While assisting new Relaxing Retirement members with their transition to Phase II of their financial lives (i.e. retirement) this past month, we were reviewing which group insurance coverages to continue when he fully retired from his company.
In addition to the obvious question about the best health insurance option to choose, the next question was “I assume we should also continue our dental insurance plan?”
By the nature of the question he asked, it appeared obvious to him to continue, and it may to you as well, but I recommend giving it some serious thought to make sure that it is “insurance” you’re buying. After all, his price tag was $120 per month!
If you’ve worked for a large company for some time and you are used to having dental coverage at little or no cost to you, you’ve become accustomed to having it. It’s usually cost effective under those circumstances and a nice fringe benefit.
However, when you have to foot the entire monthly premium by yourself during Phase II of your financial life, you have to really step back and take a good look at what you’re getting.

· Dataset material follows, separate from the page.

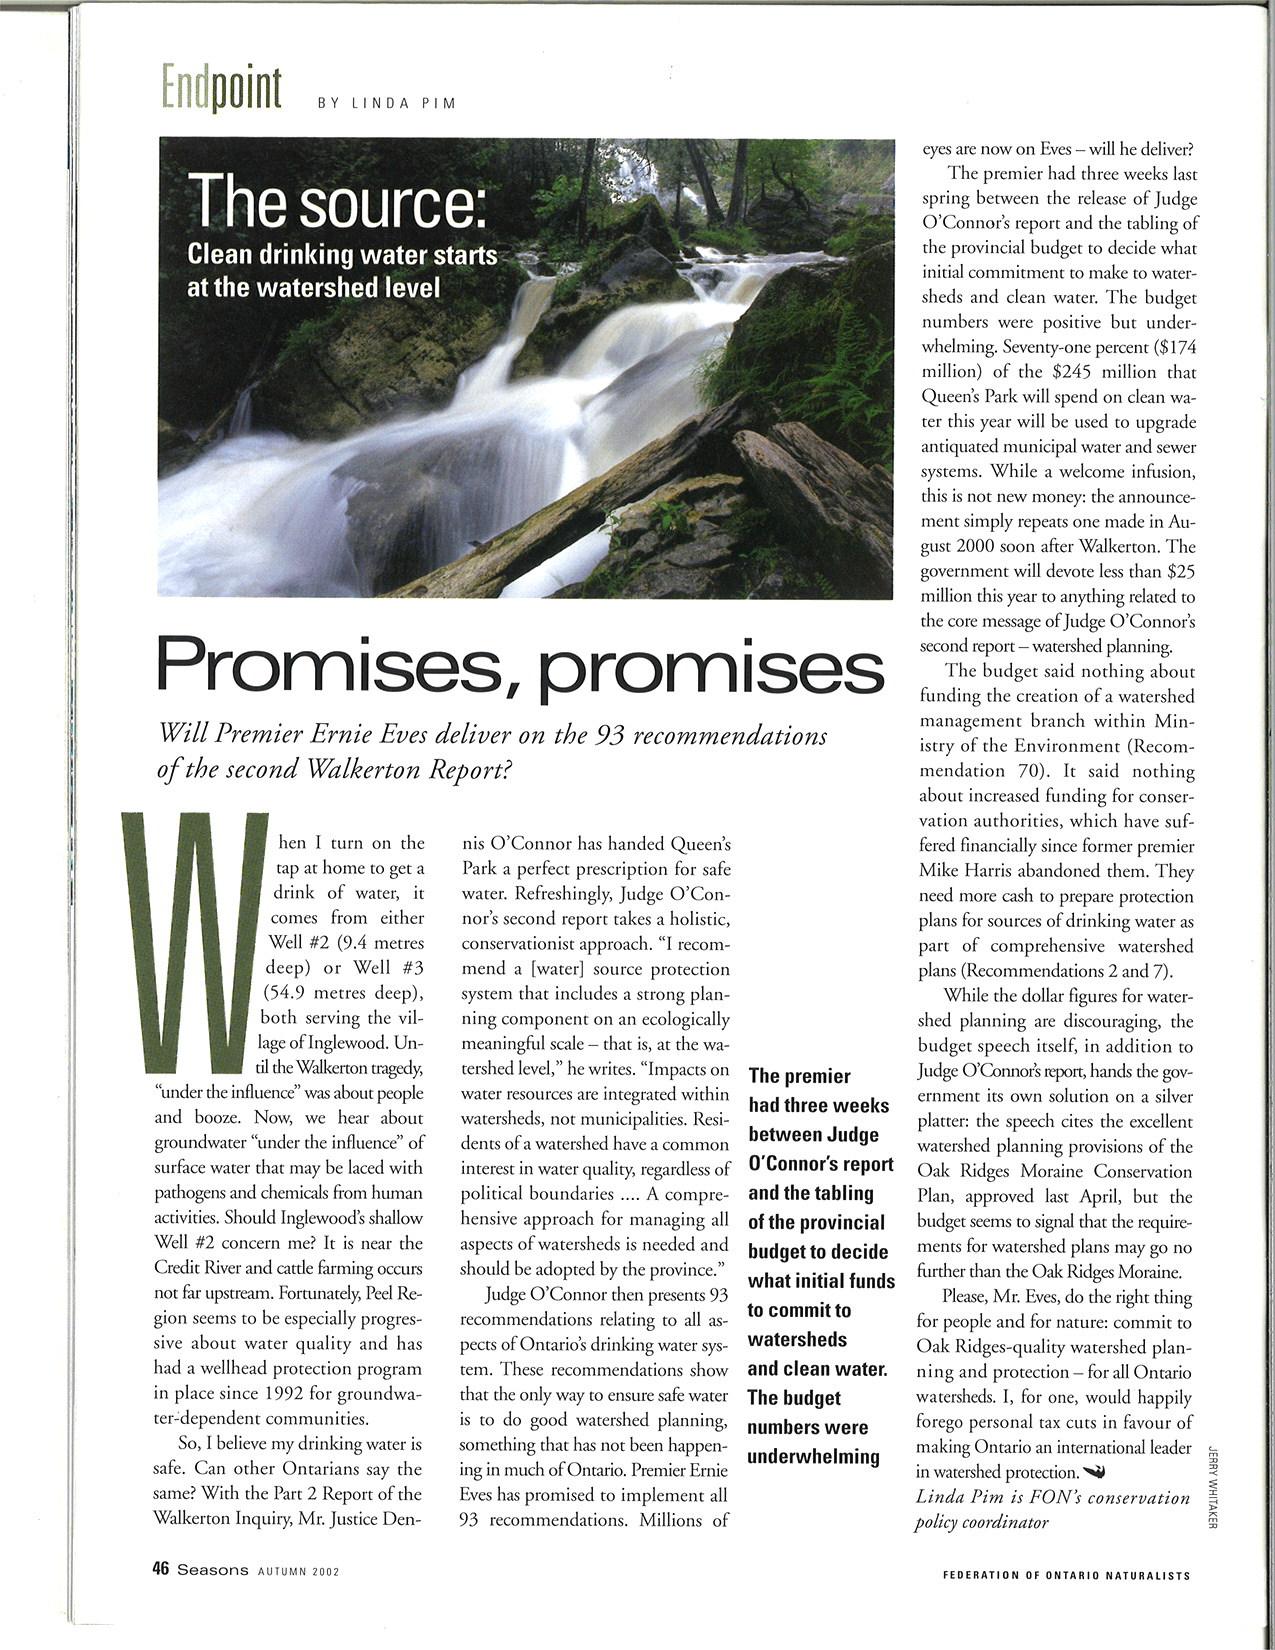 Endpoint: Promises, promises

3 Questions You Must Ask and Evaluate About Any Insurance
When evaluating any form of insurance, you have to ask yourself three questions:
- “What is my potential financial loss if I don’t have this insurance?”
- “What is the probability that I’ll suffer this loss?”
- “Am I willing to risk absorbing this entire loss myself, or should I pass on some or all of the risk to an insurance company by paying a premium?”
As an example, when evaluating homeowner’s insurance, the obvious answer is, “I’ll lose my entire house in a fire and have to pay a large chunk of money out of my pocket to rebuild it!” Now that’s a financial loss worth insuring (at the right cost).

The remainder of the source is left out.